Since it is impractical to save the previous version every time a change is made, often the diagnosis of a problem is made unnecessarily hard because this useful information is not available. For example, a user reports a problem in the test system that they noticed a few days ago. In the meantime, the model has been changed and you are therefore unable to see what the changes were (only that the object was last changed on a specific date/time). If you cannot reproduce the problem, you cannot then tell if the problem has been fixed, or if your test case does not properly test for the issue.

We have found the ‘minor versions’ feature of GuardIEn especially useful. This allows you to track every change made to a Gen object and see the who changed it, when it was changed and what was changed (down to properties and individual action diagram statements). When linked to a GuardIEn Change Request, you can also see why it was changed and what other objects were also affected by the same change.

I know that we would say this anyway, but we have found this capability to be invaluable in the on-going maintenance of our products.

Extending the GUI runtime

Earlier postings have discussed the benefits of a runtime, for example, simplifying the development environment and allowing developers to concentrate on the business logic. We discussed how we have extended the runtime with custom action diagram functions. However the area where we have made the most use of a customised runtime is the GUI interface.

It is no secret that the standard Gen window designer offers limited features and the resulting look and feel often leaves users underwhelmed!

The majority of our products are client/server applications with a Windows GUI presentation layer designed in Gen. A few years ago we decided that it was important to improve the usability of the products and one of the key areas that we felt needing enhancement was the GUI front-end.

Some of the areas that we felt could be improved were:

• Resizable windows and dialog boxes. These have to be designed for a minimum screen resolution (for example 800x600), but if a user has a larger monitor, it would be useful for them to be able to have larger window/dialog boxes. Two issues in a Gen application are a) if you resize a window, you then need a lot of code to reposition/resize the controls on the dialog box and b) the new size should be remembered since the user will not want to resize the dialog box each time they open it.



• List Boxes. Most windows applications utilise list boxes where the user can change column widths, re-sequence columns, sort on columns by clicking on the column heading. Often a bitmap will make the data much more readable.
  
  


• Tabs. These can reduce the complexity of an application that requries a lot of dialog boxes.

We investigated various approaches to implementing the above requirements. Most solutions involved a lot of additional code (for example to move controls around when a window is resized or to manipulate an OCX control) and would have involved a lot of effort. We also wanted to keep a common look and feel across all parts of the products and hence if we decided to enhance the products, we would have to re-code all of the windows and dialogs and not just the commonly used ones.

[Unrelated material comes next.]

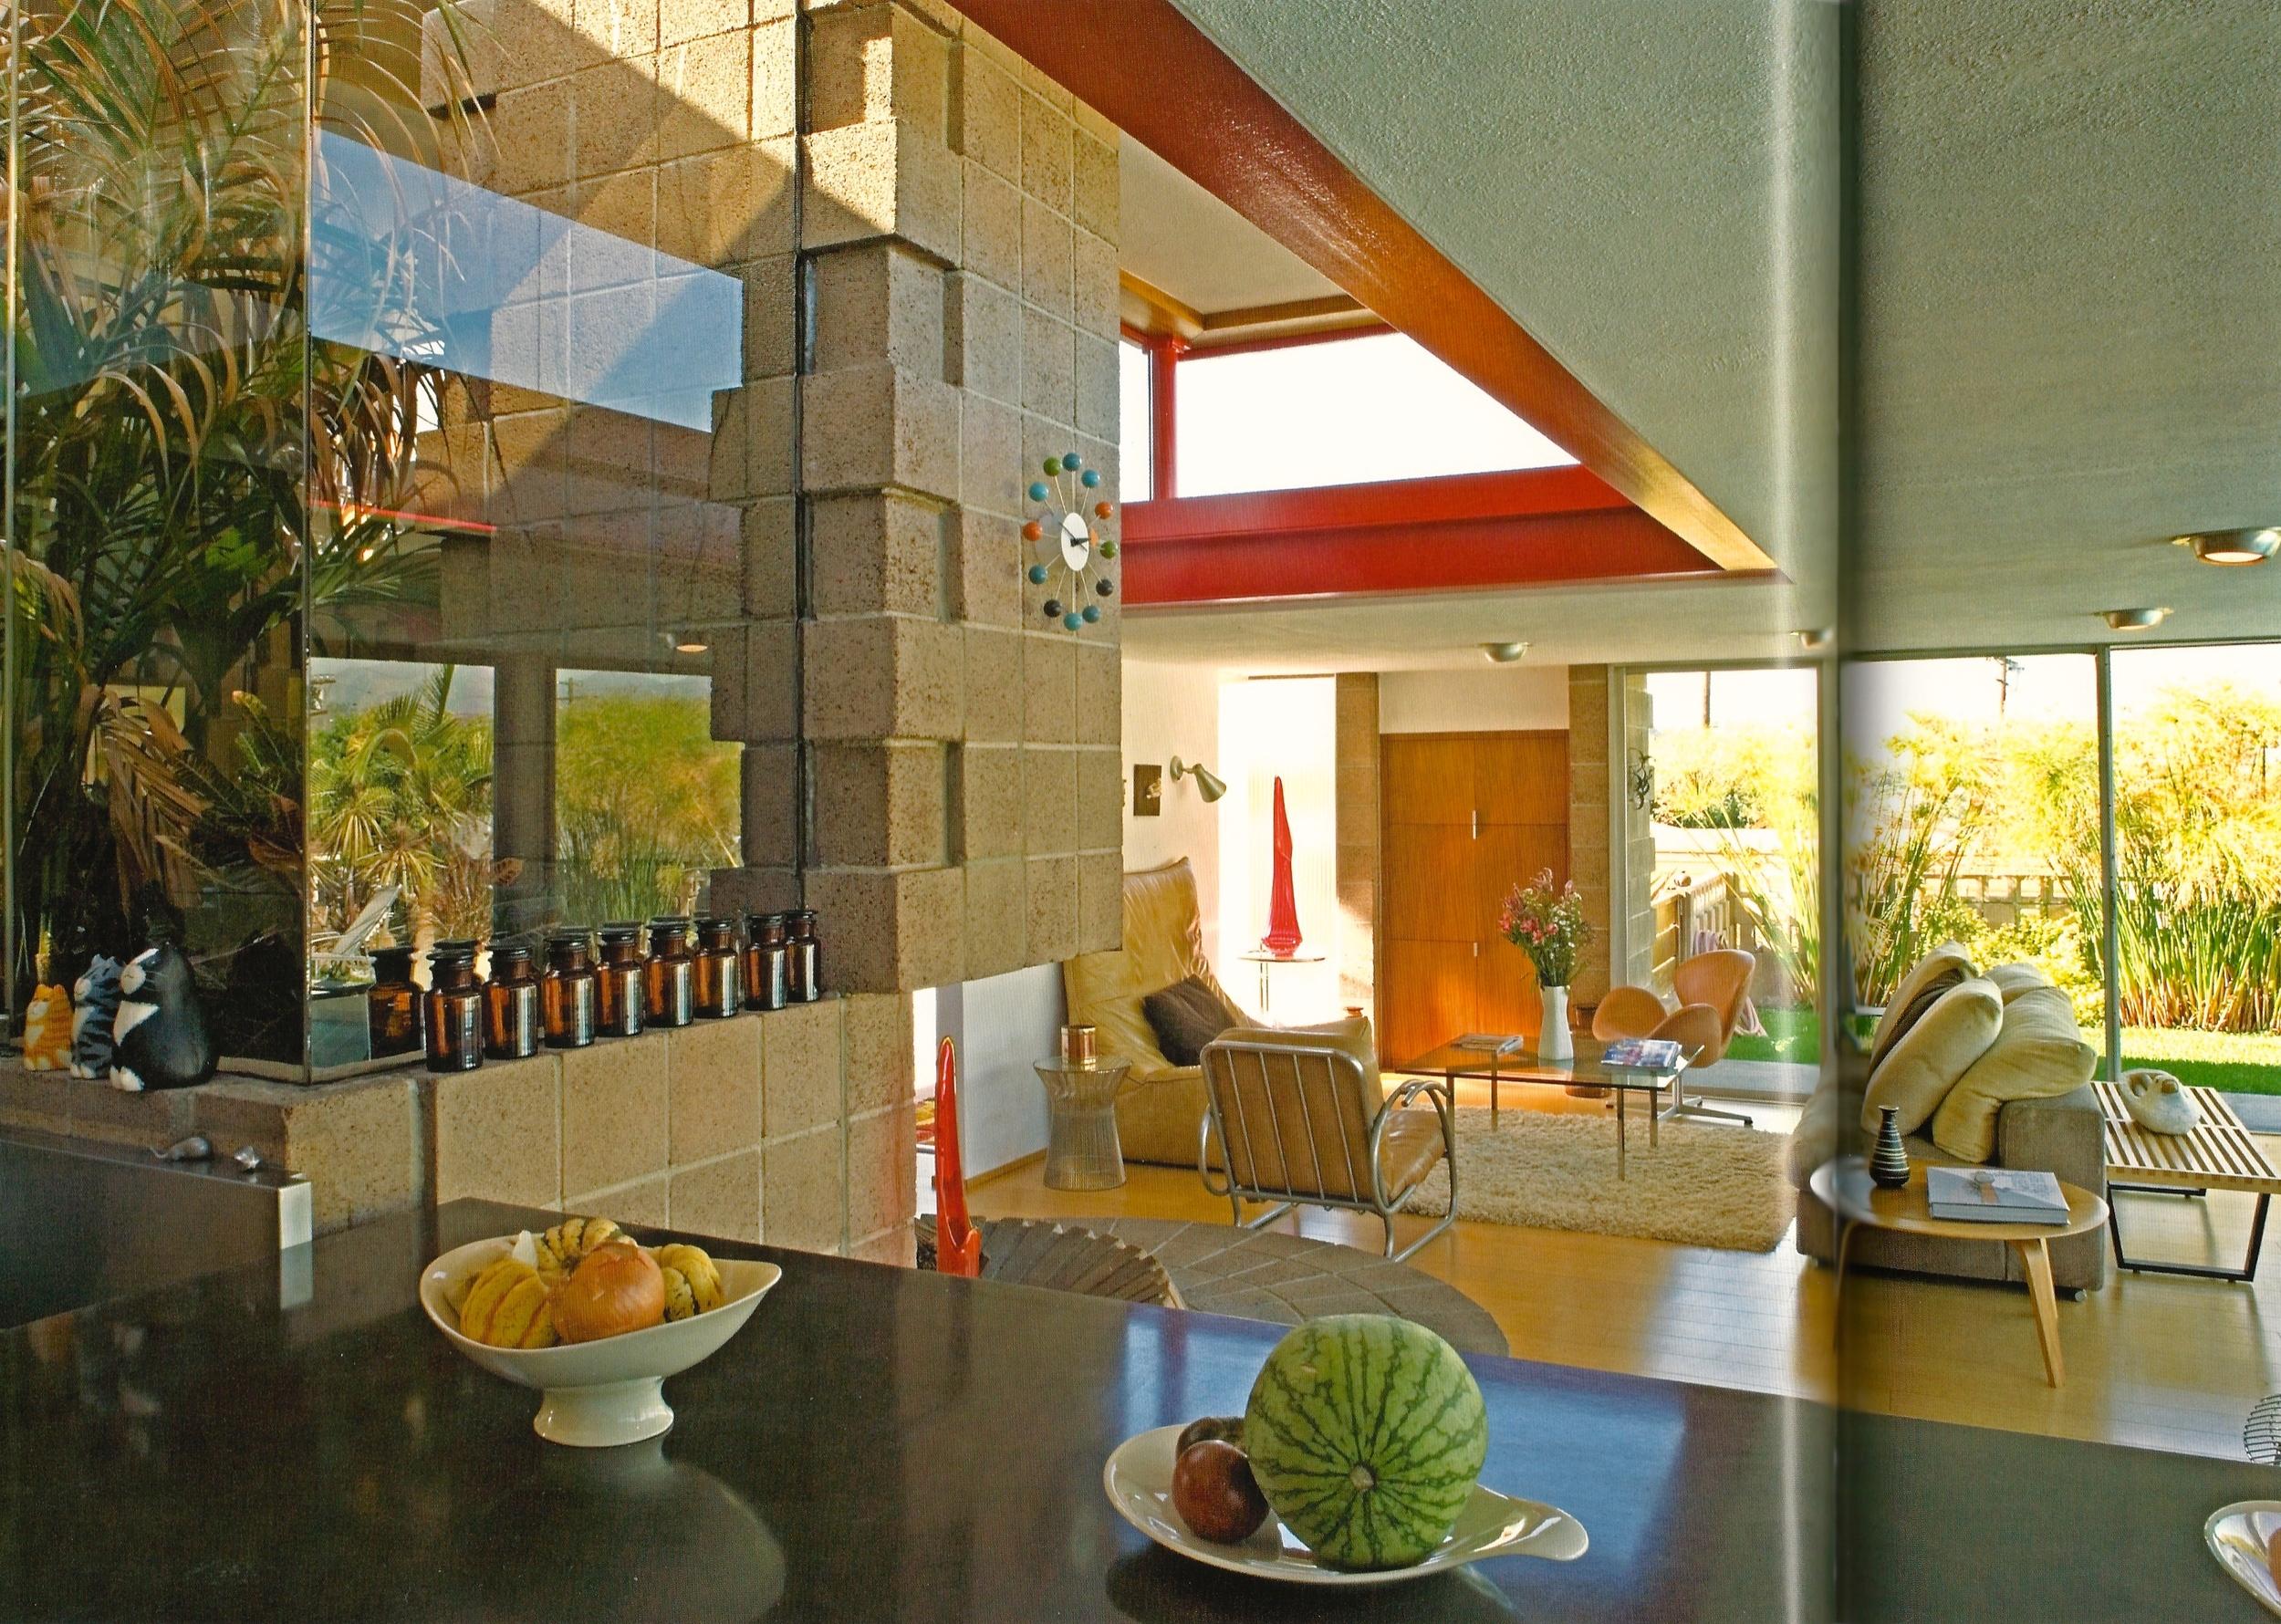 Bubeck House, Allyn E. Morris architect, 1956
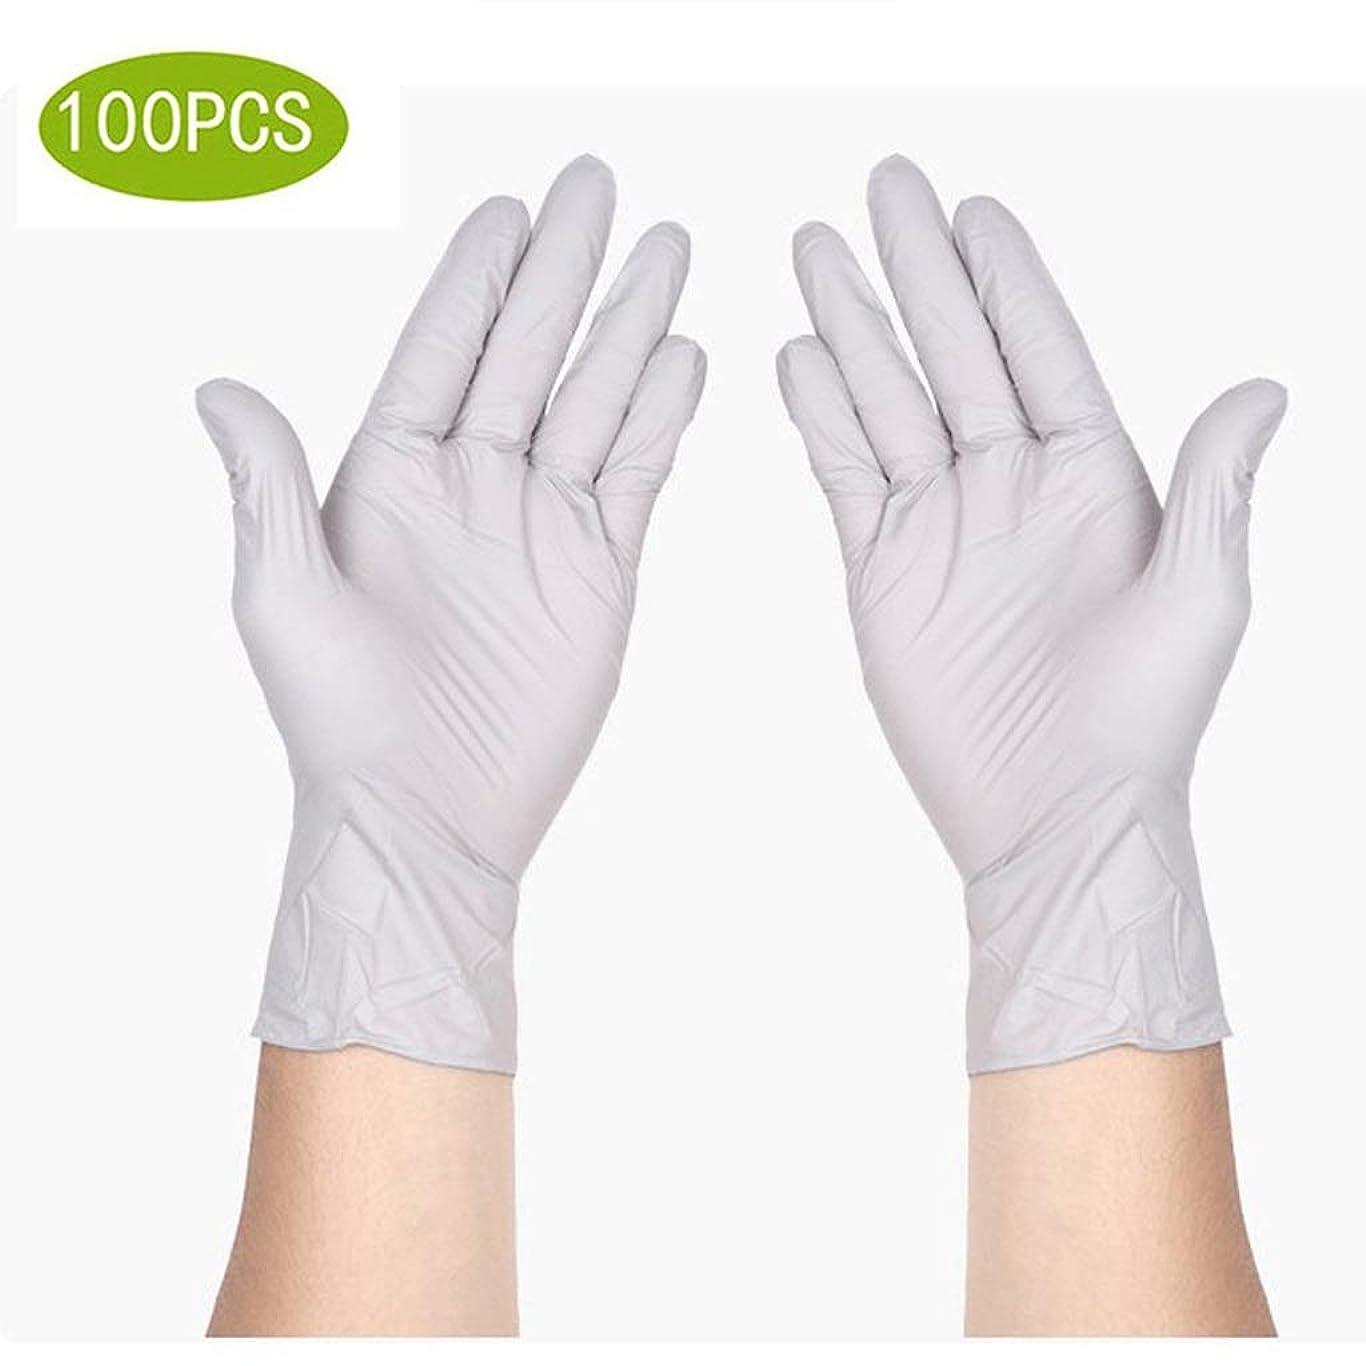 薄いです施設不利益サニタリー手袋ニトリル医療グレード試験用手袋、使い捨て、ラテックスフリー、100カウント滅菌使い捨て安全手袋 (Size : L)

This is where we come back to the concept of a runtime. In our normal use of Gen, we did not have to add in a lot of window handling code – this was handled by the Gen GUI runtime. What if this runtime were extended to support our additional requirements? It transpired that a Gen list box could be ‘enhanced’ via Windows functions and still appear as a normal list box to the Gen GUI runtime. We were therefore able to extensively enhance and improve the functionality of the Gen GUI without needing to change either the action diagram code or the Gen GUI runtime.

Simple NOTE statements in the action diagram were used to provide parameters to the extended runtime and we were able to enhance the entire product line in a matter of days because the complexity was ‘hidden’ in the runtime functions and did not have to be coded by the developer.

The example below illustrates a window that utilises enhanced list boxes that can display bitmaps, it can be resized and the list boxes are resized automatically to fill the window, and various tabs are available with associated bitmaps as well.

The results of this effort are now available to other Gen sites as the IETeGUI product.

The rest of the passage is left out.